After showering, drying my hair and throwing on a red sundress, I call my mother and leave her a voicemail. I don’t ask her to call me back, because she rarely returns phone calls, instead letting her know I’ll be stopping by for a visit this week. After business hours, of course. As I walk out of my building, empty tote bag in hand, I rethink the message I left, hoping I sounded upbeat enough. If I’d betrayed one hint of sympathy over her confession last time we were together, she probably wouldn’t be as open this time around. And I’m really hoping she is.
I turn in the direction of Union Square—
Charlie is walking toward me, coming from the direction of the train.
“Hey, cutie.”
The most annoying part of his showing up unannounced? I’m not annoyed at all. I’m relieved. And my second reaction is all-out joy. Just a giant, glowing burst of it. Don’t show it. Don’t let him know. “Charlie. Hey.”

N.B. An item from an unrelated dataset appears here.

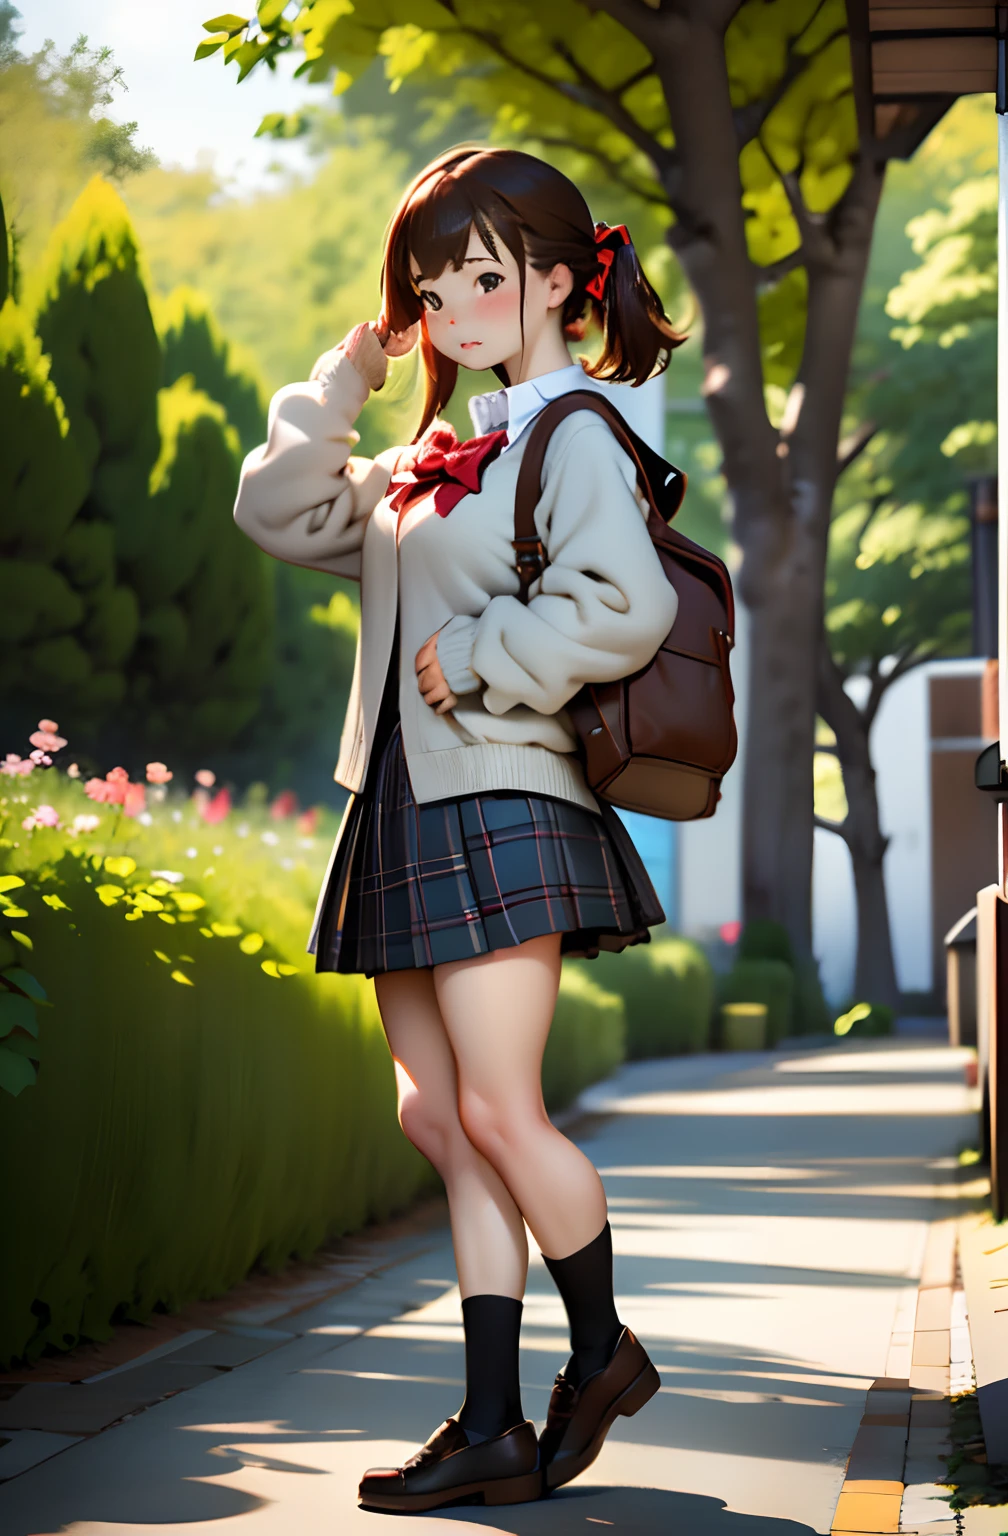 top-quality,masutepiece,Anime style,parfect anatomy,solo,skirt by the, bags, plein air, jaket, Standing, socks, shoe, looking at the viewers, Brown Footwear, Uniforms, Plaid, lowfers, blazers, brown haired, plaid skirts, Black socks, long-sleeve, bangss, Open your clothes, Open jacket, the bow, Brown-eyed, pleatedskirt, a bow tie, day, length hair, full body Esbian, bush, Red bow, Knee height, The shirt, Mouth closed, sleeves past wrists, backsack, hand on own face, red bowtie, Black jacket, a school bag, red blush, a plant, Brown skirt, Put your hand on your cheek, bblurry, From Side, raise two hands, look at side, shirt with collar, a miniskirt, white  shirt, cardigan, Grassy, Sweaters, Light smile,longshot, (low angles), (top down), Realistic scale,Significant shrinkage:1.5、photos realistic、Super Detail, Realistic, Super realistic, lifelike rendering,plein air,Cherry blossom blooming street,Professional Photographer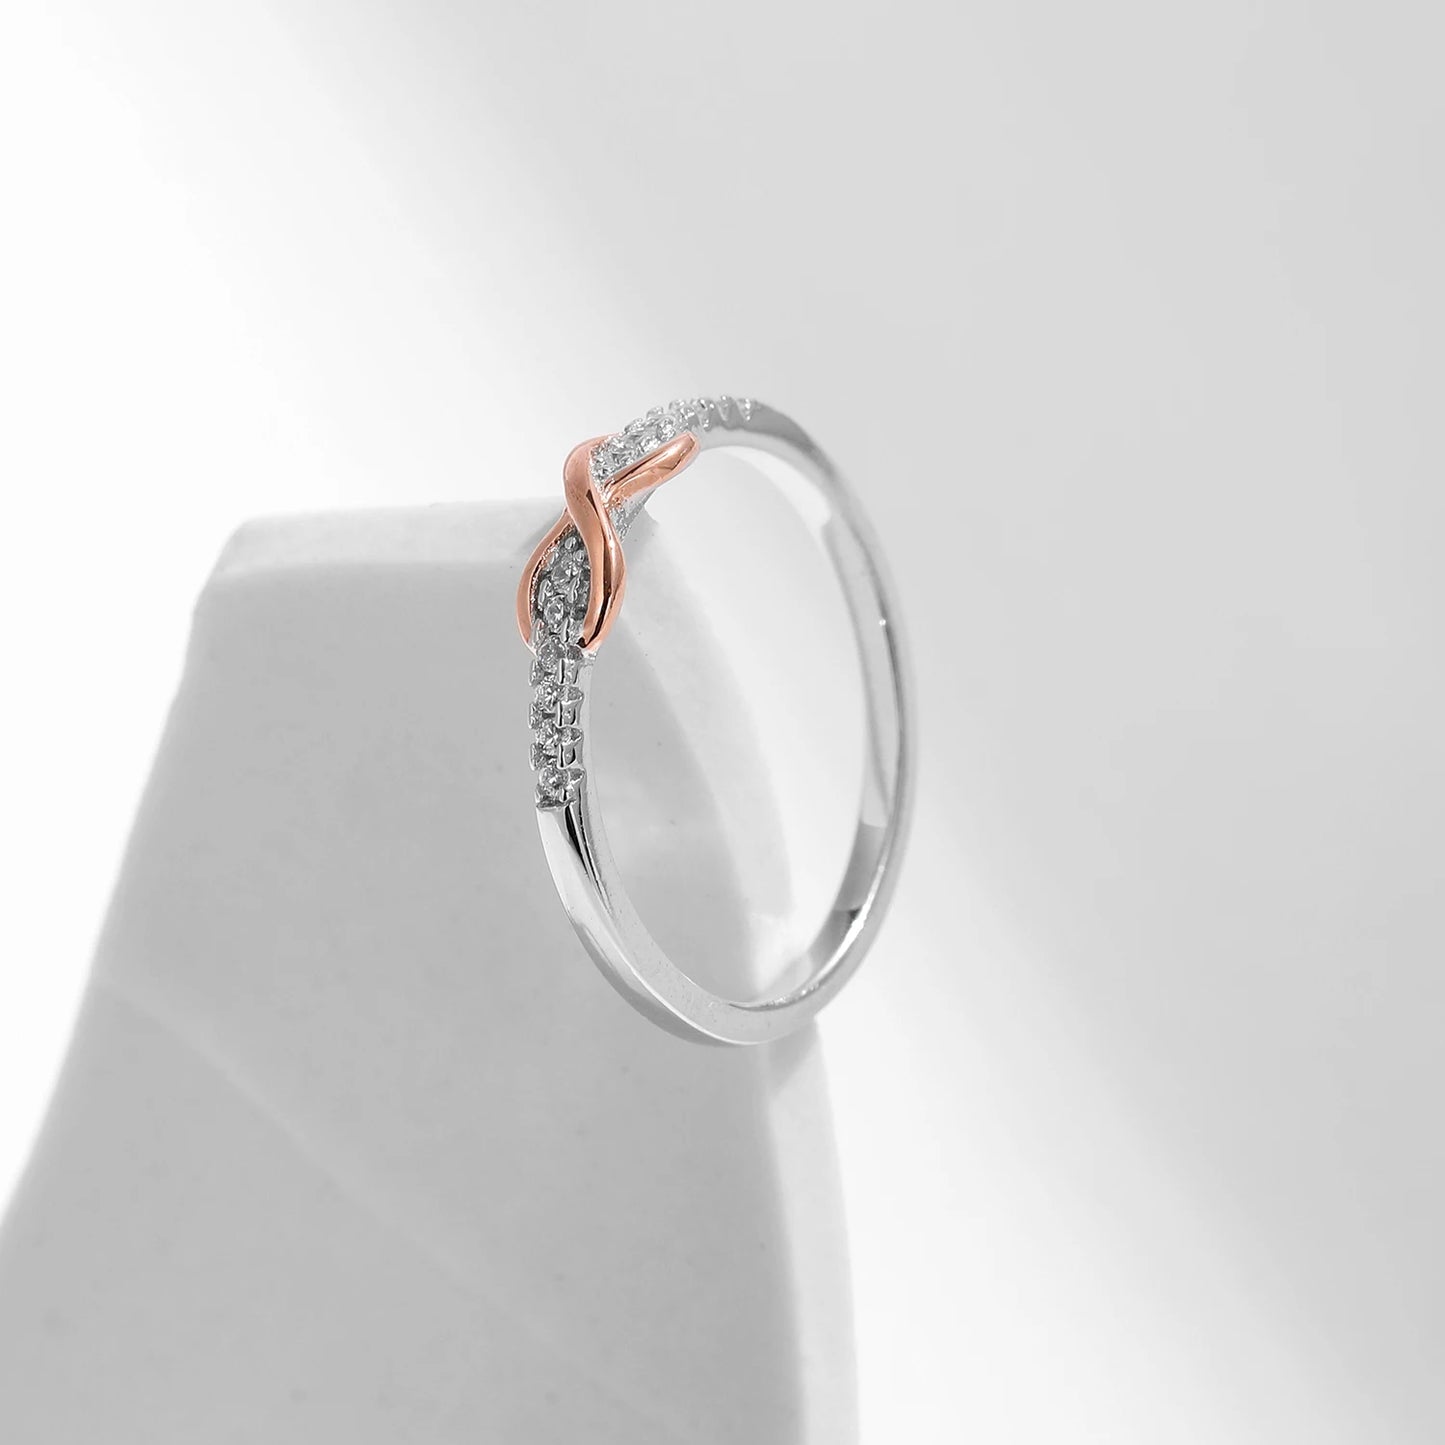 MQ Stunning S925 Silver Love Ring: Perfect for Women

“I know you have plans.” He holds up both hands, palms out, except there is a bag dangling from his right thumb. “I’m not intruding. I was just hoping to catch you, before you went out.”
His crispy aftershave hits me and my tummy takes a dive. And the rest of him keeps it plummeting. Worn-in jeans, boots, a faded navy T-shirt that makes his eyes a blinding blue. Honest to God, he looks better every time I see him. I’m starting to think I’m the victim of a conspiracy. “Well, you caught me.”